Avec un sanctuaire regroupant les restes d'humains de deux époques culturelles distinctes, s'étalant sur environ 900 ans, mais appartenant sans doute à un même groupe.
"Les premiers archéologues avaient déjà une petite idée sur le sexe des individus, mais nous avons pu vraiment confirmer qu'il y avait beaucoup plus d'hommes que de femmes", explique à l'AFP Mélanie Pruvost, qui a supervisé l'étude parue mercredi dans les proceedings B de la Royal society britannique.
-- Trois sur quatre étaient des hommes --
L'analyse initiale des ossements témoignait de biais remarquables, avec une sélection des défunts écartant largement les enfants. Et une probable proximité génétique, comme en attestait le partage d'une particularité anatomique remarquable de la rotule chez un grand nombre de sujets.
"Nous avons mis en évidence beaucoup de liens de parenté entre ces individus", poursuit la paléogénéticienne, chargée de recherche CNRS au laboratoire PACEA à l'Université de Bordeaux. Ce qui entraîne "des hypothèses sur un accès à cette sépulture en fonction de l'appartenance à des lignées particulières".
L'étude du génome de 37 individus, dont les dépouilles ont été déposées dans l'aven sur une période de 900 ans, dévoile que trois sur quatre étaient des hommes. Et qu'ils appartenaient assez largement à une lignée se transmettant de père en fils.
Le site contient bien des restes de femmes, mais la préférence donnée à la lignée paternelle est devenue quasiment exclusive dans la dernière période d'occupation du site.
Mme Pruvost souligne qu'on "n'a pas forcément quelque chose de strict en termes de règles", et que "la plupart des femmes retrouvées sont apparentées à d'autres individus".
L'accès à la sépulture était "peut-être conditionné par un lien de parenté". Pour autant, rien n'exclut la possibilité d'un système où "les femmes ont choisi d'être inhumées dans la sépulture avec leur époux, ou ont choisi de retourner dans leur foyer d'origine".
Les archéologues manquent en l'espèce de suffisamment d'ossements féminins pour en tirer de plus amples conclusions. Tout comme pour expliquer le très petit nombre d'ossements d'enfants. Une chose remarquée sur d'autres sites, mais tout aussi inexpliquée.

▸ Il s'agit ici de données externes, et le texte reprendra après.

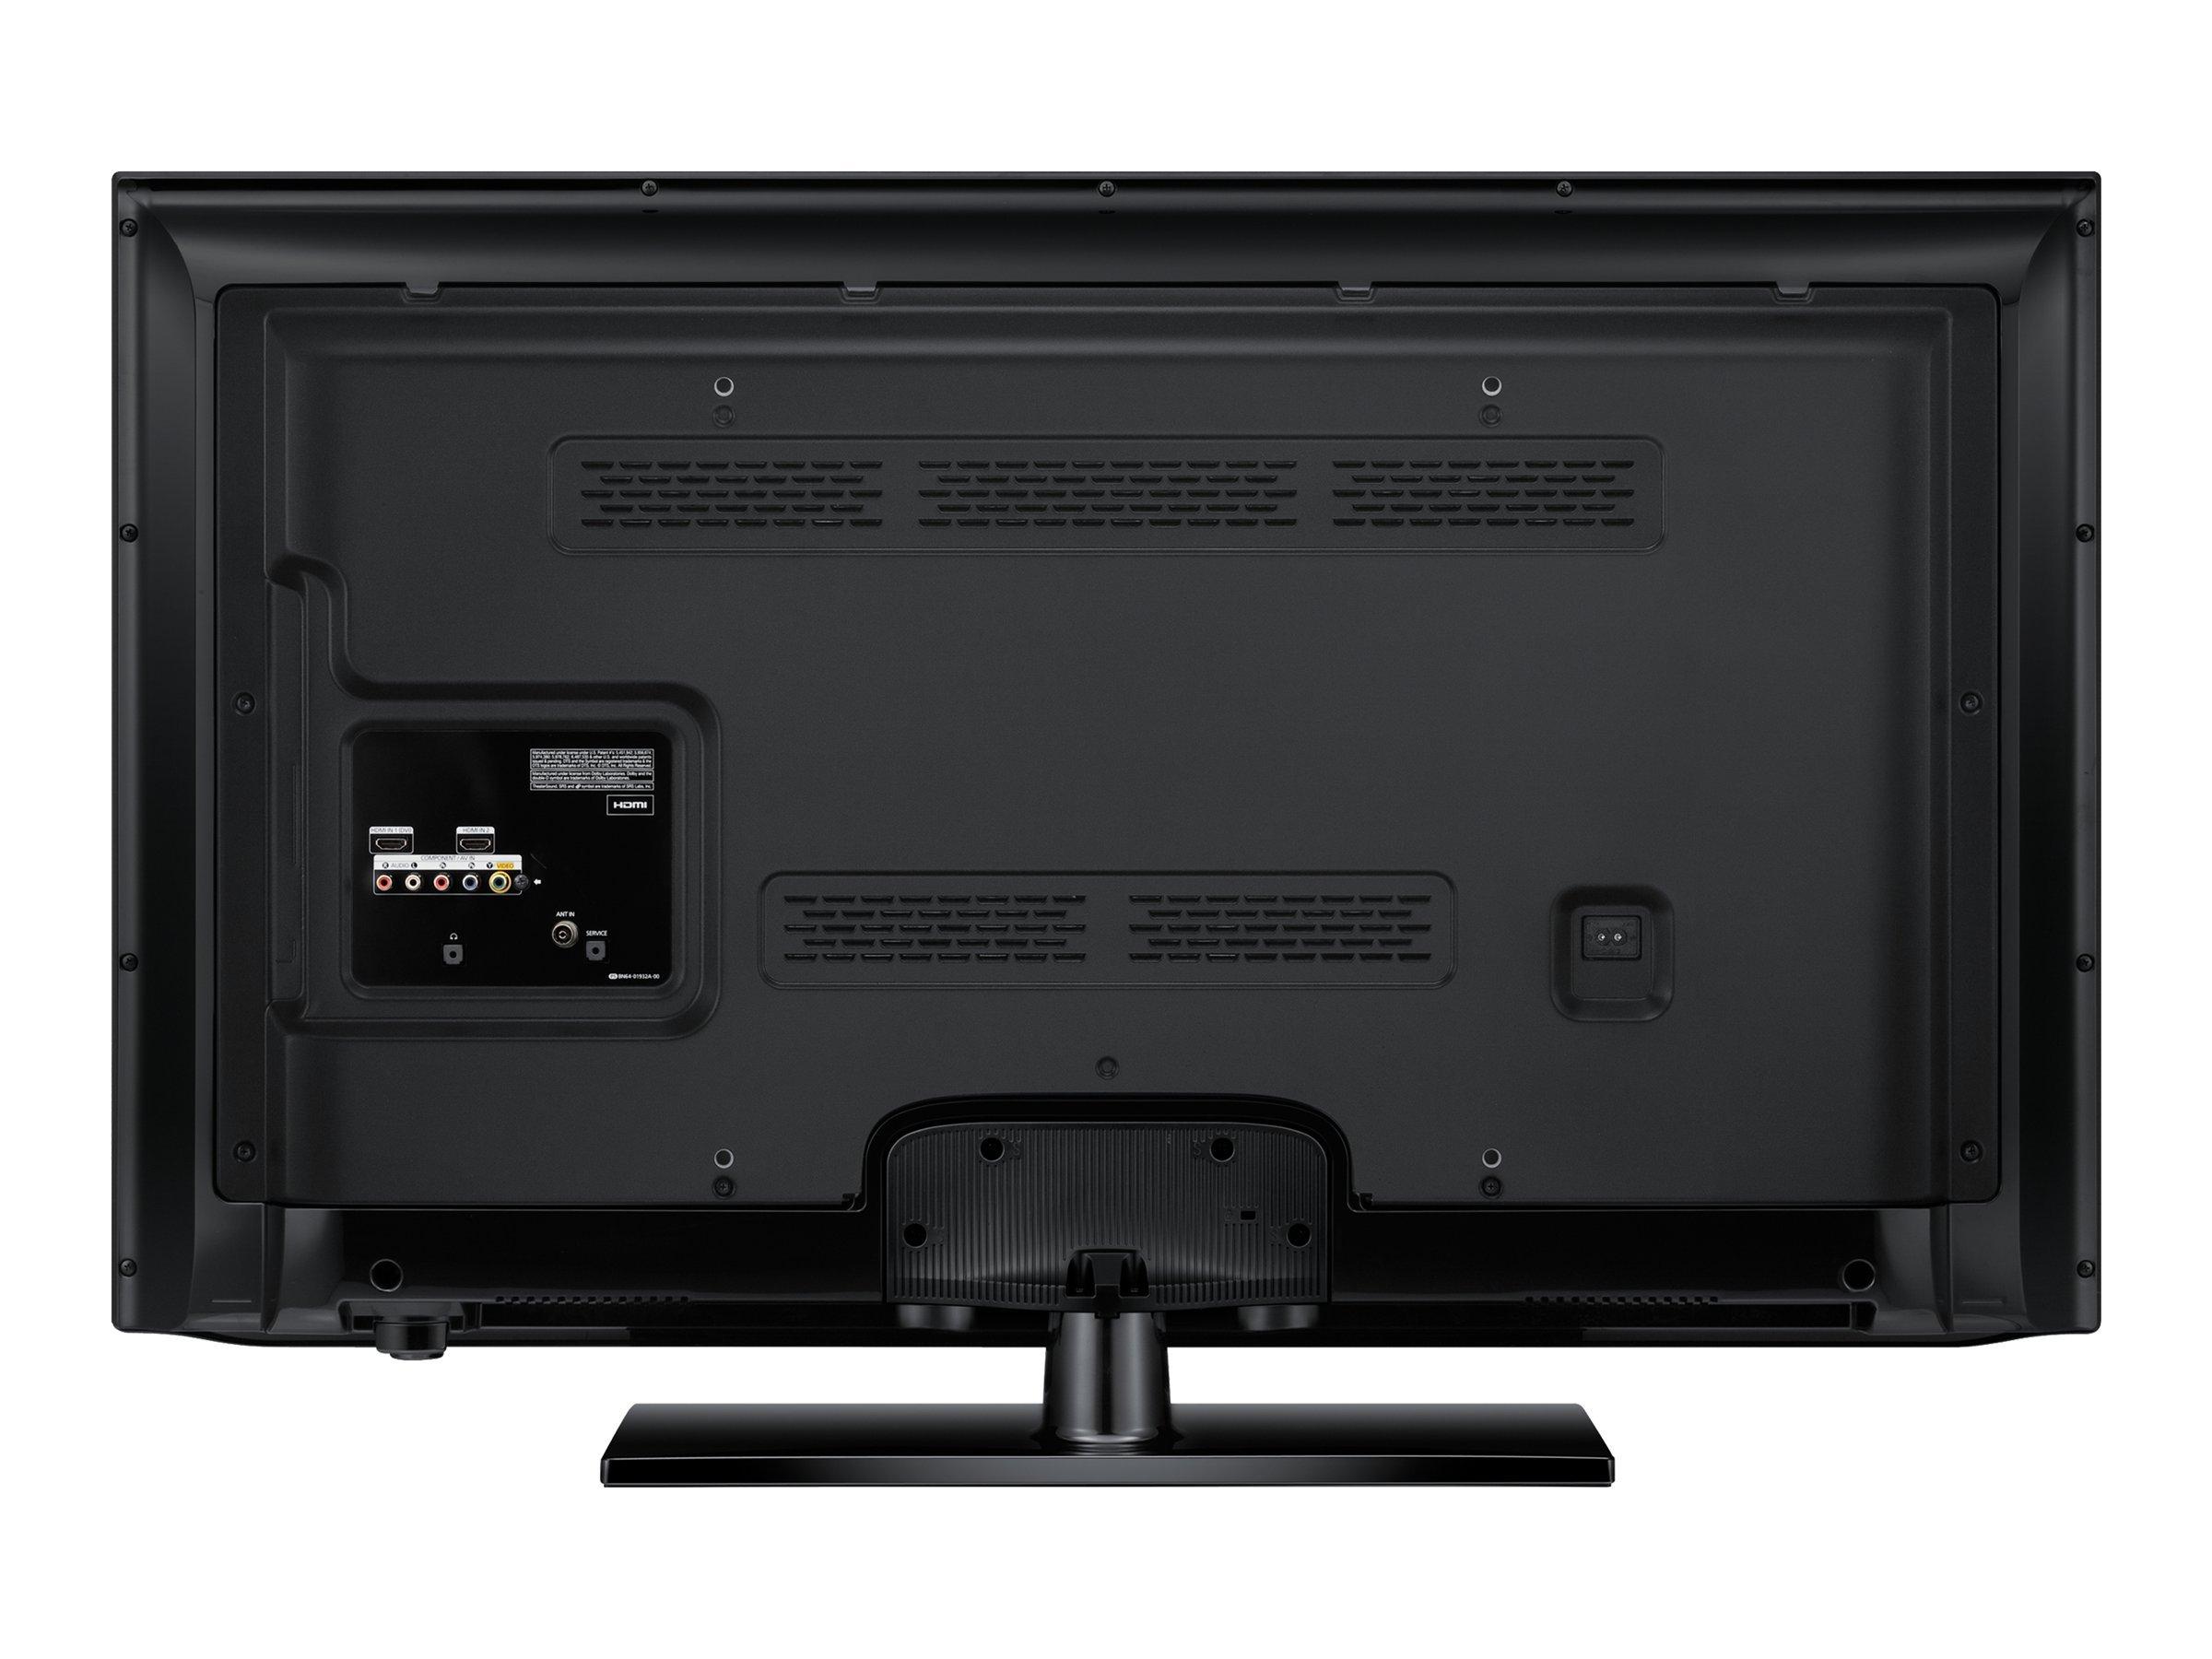 "Samsung 46"" Class 1080p 60Hz LED HDTV - UN46EH5000"
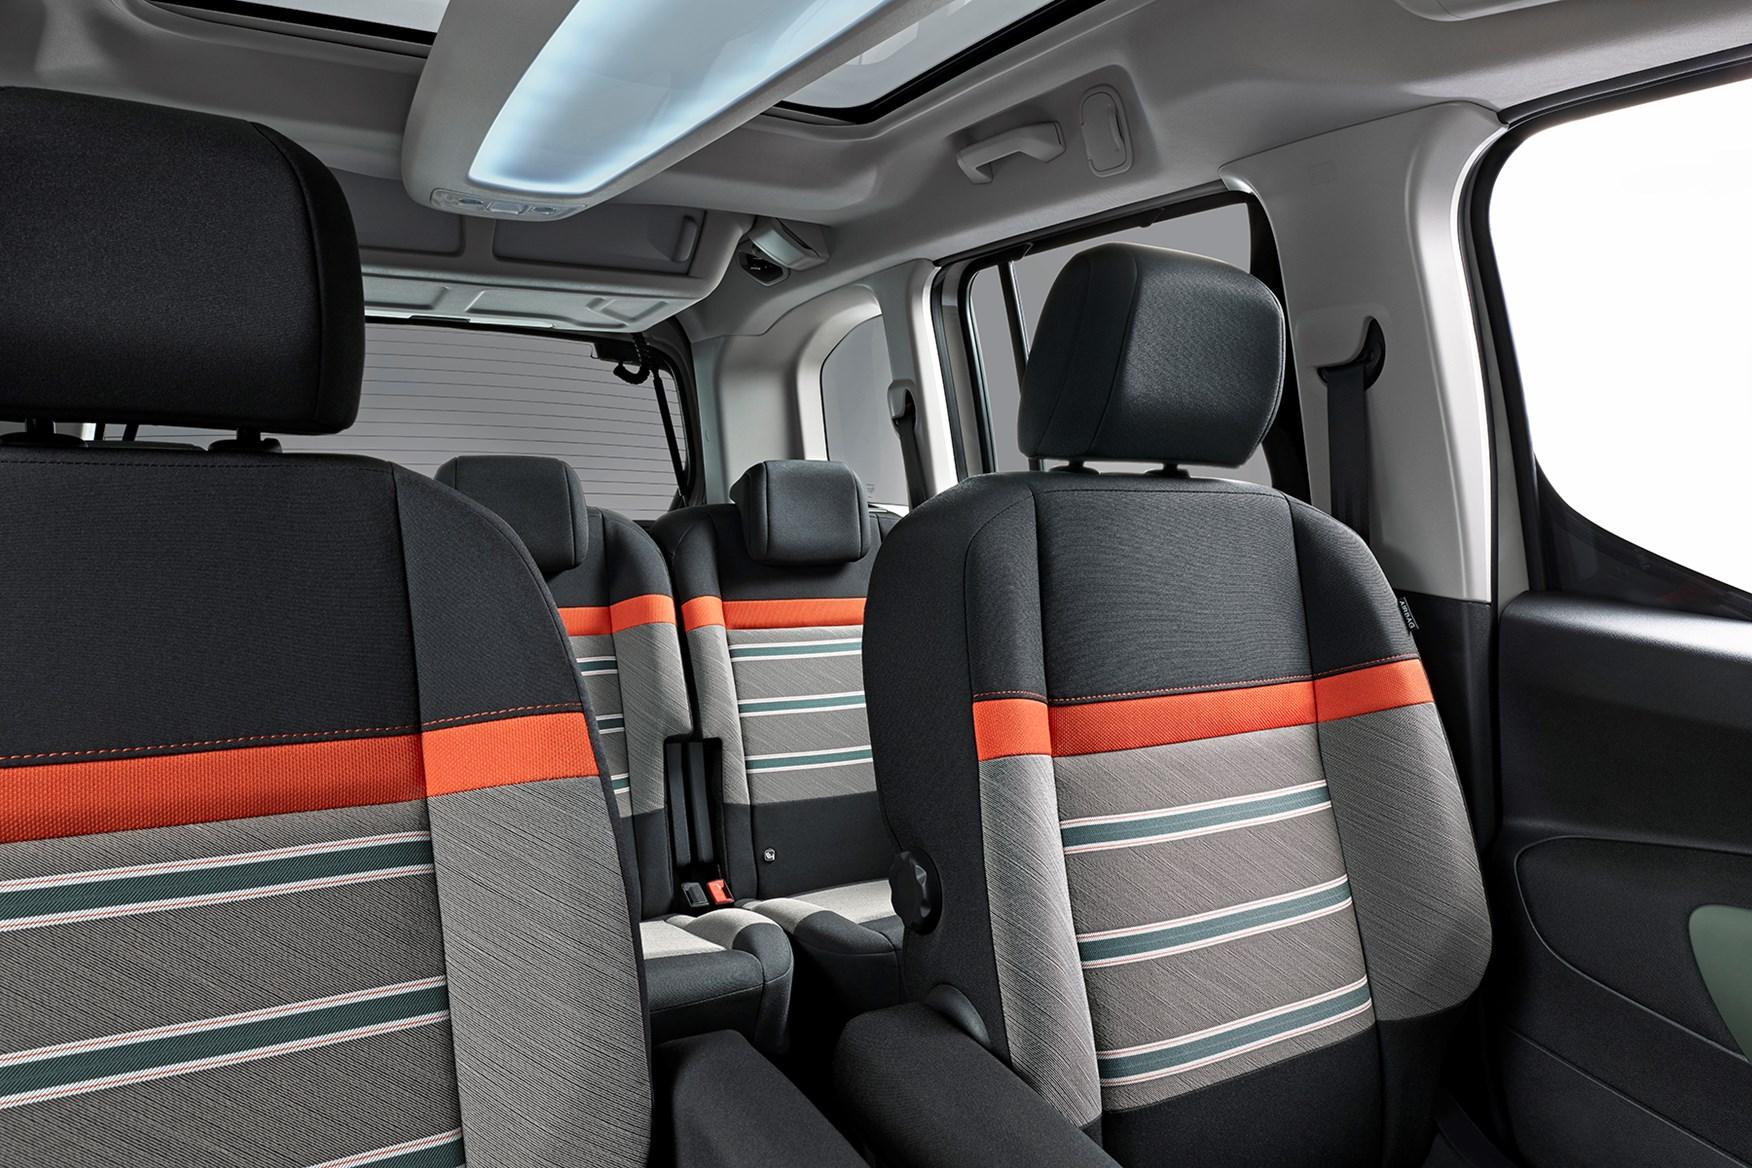 ... Citroen Berlingo interior detail ...

Pour en savoir plus, des analyses isotopiques pourraient lever un coin du voile sur l'origine de cette population, et d'éventuels apports extérieurs. "On a plutôt l'impression que c'est une petite population locale", selon Mélanie Pruvost.
Le site pourrait encore receler des surprises, car c'est "l'une des premières fouilles exécutée avec une technique rigoureuse d'enregistrement des données anthropologiques et archéologiques".
Cette rigueur a permis à l'équipe de PACEA d'établir que la discontinuité observée au niveau des éléments culturels, avec des styles de céramique bien distincts, coïncidait avec une continuité génomique du groupe de population.
Reste à savoir pourquoi, un jour, cette population du néolithique a décidé de condamner l'accès à ce qui avait pu devenir un sanctuaire.